Yeah, the emotional impact of words is interesting, because often the impact isn't exactly rational. For example, I speak and understand French very well, well enough to watch films without subtitles and have long conversations on even deep topics without much difficulty. But I can swear in French without feeling anything. I learned the hard way that the Canadian French profanity Tabernak (which means the tabernacle associated with Catholic religious services) is deeply offensive, enough to elicit a gasp in the wrong setting. To me it's just a charming colloquialism, but to many, it's an unacceptable, taboo, swear word.
On the other hand, the French have an adjective that means literally, fucked, that they use as a mild explitive, but that is not taboo. I mean, you wouldn't hear it in a formal setting, but I've heard parents use it around their small children when they would never, ever say tabernak in front of their kids.

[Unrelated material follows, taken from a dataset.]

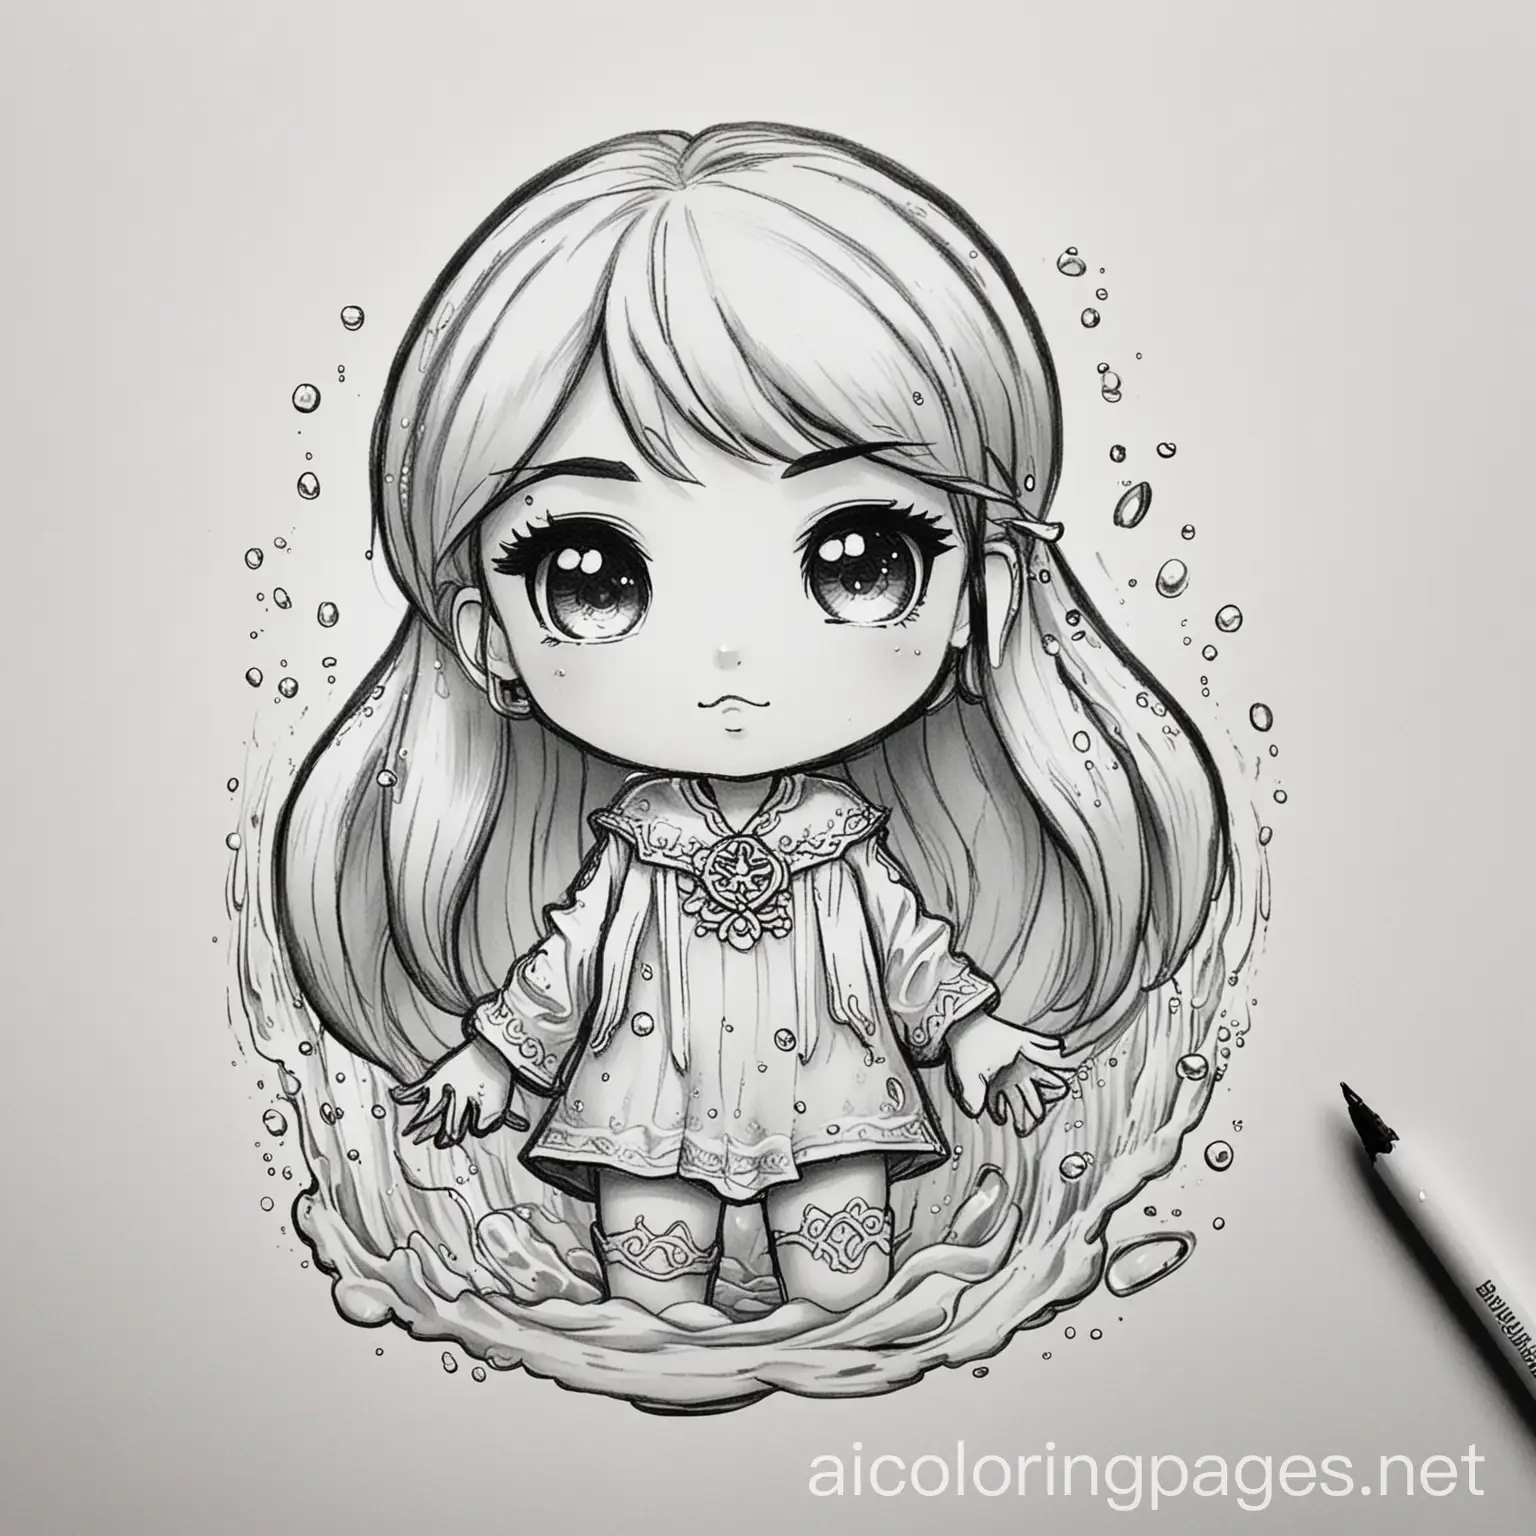 A chibi girl with elemental powers of water coloring book line art, Coloring Page, black and white, line art, white background, Simplicity, Ample White Space. The background of the coloring page is plain white to make it easy for young children to color within the lines. The outlines of all the subjects are easy to distinguish, making it simple for kids to color without too much difficulty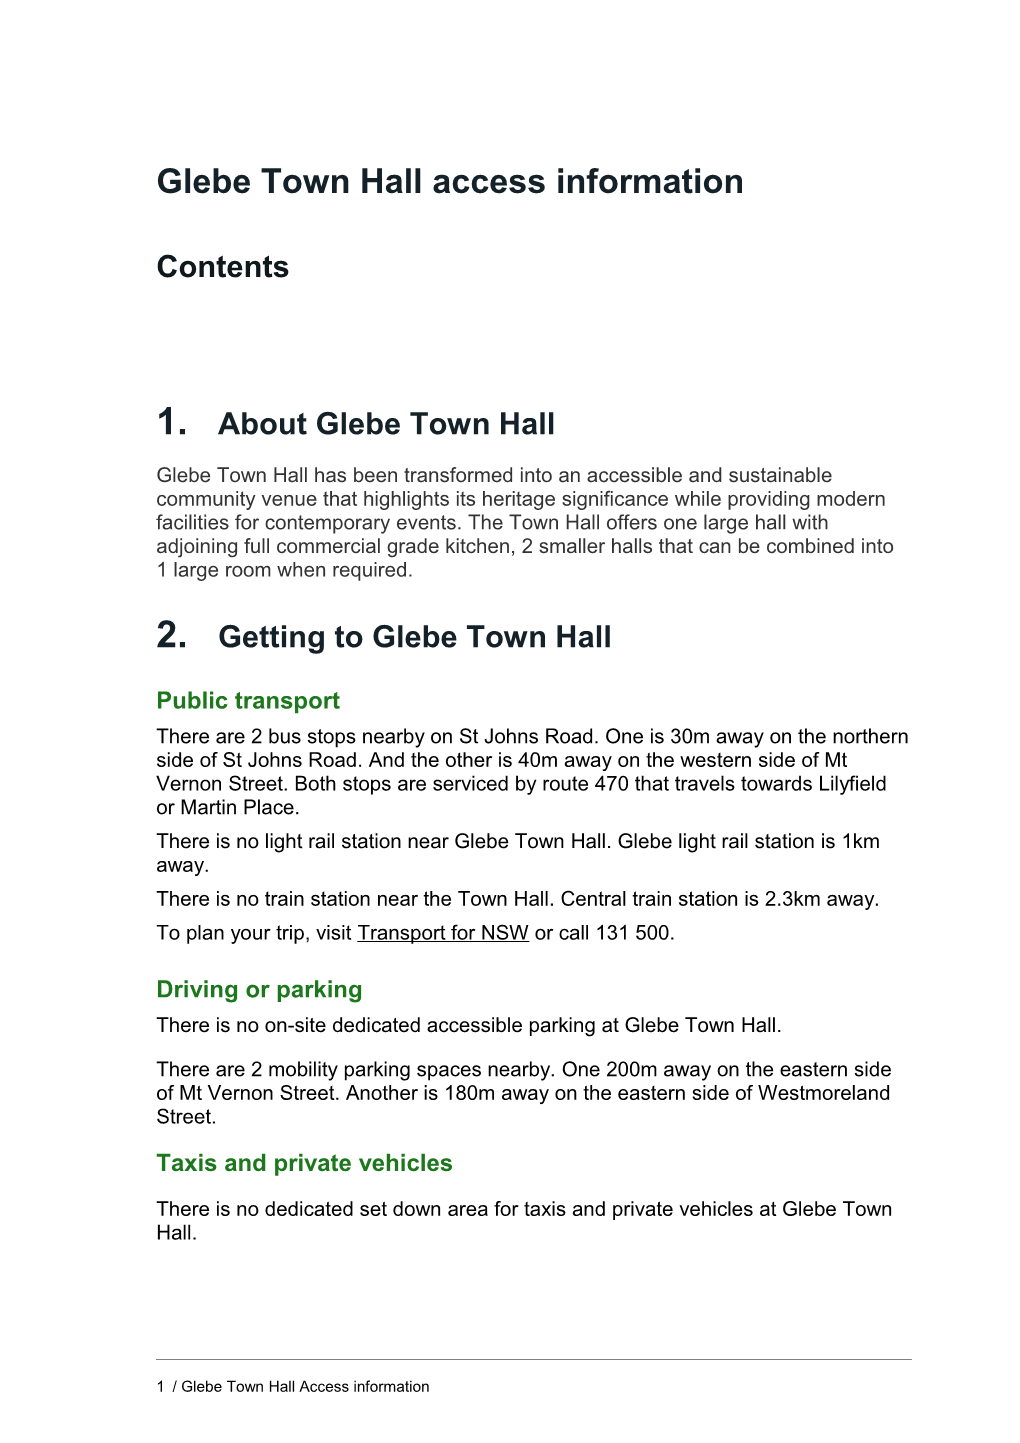 Glebe Town Hall Access Information

Oddly, c*nt in American English is totally taboo, with a very high emotion quotient. Dick is not. But in Bristish English, c*nt is not taboo. It's vulgar, like dick is American English and like that word for fucked is in French, but you can say it in the right setting, including during "civilized" debate in Parliament, where you're not allowed to observe that the Prime Minister is lying, even when he clearly is.
For some reason, words like spazz and retard, which carry little emotional weight for me or most Americans, even if we avoid saying them, have become taboo in British English, in a way that transcends the reasons for why. They've taken on the status of serious profanities, like Tabernak has in Canadian French.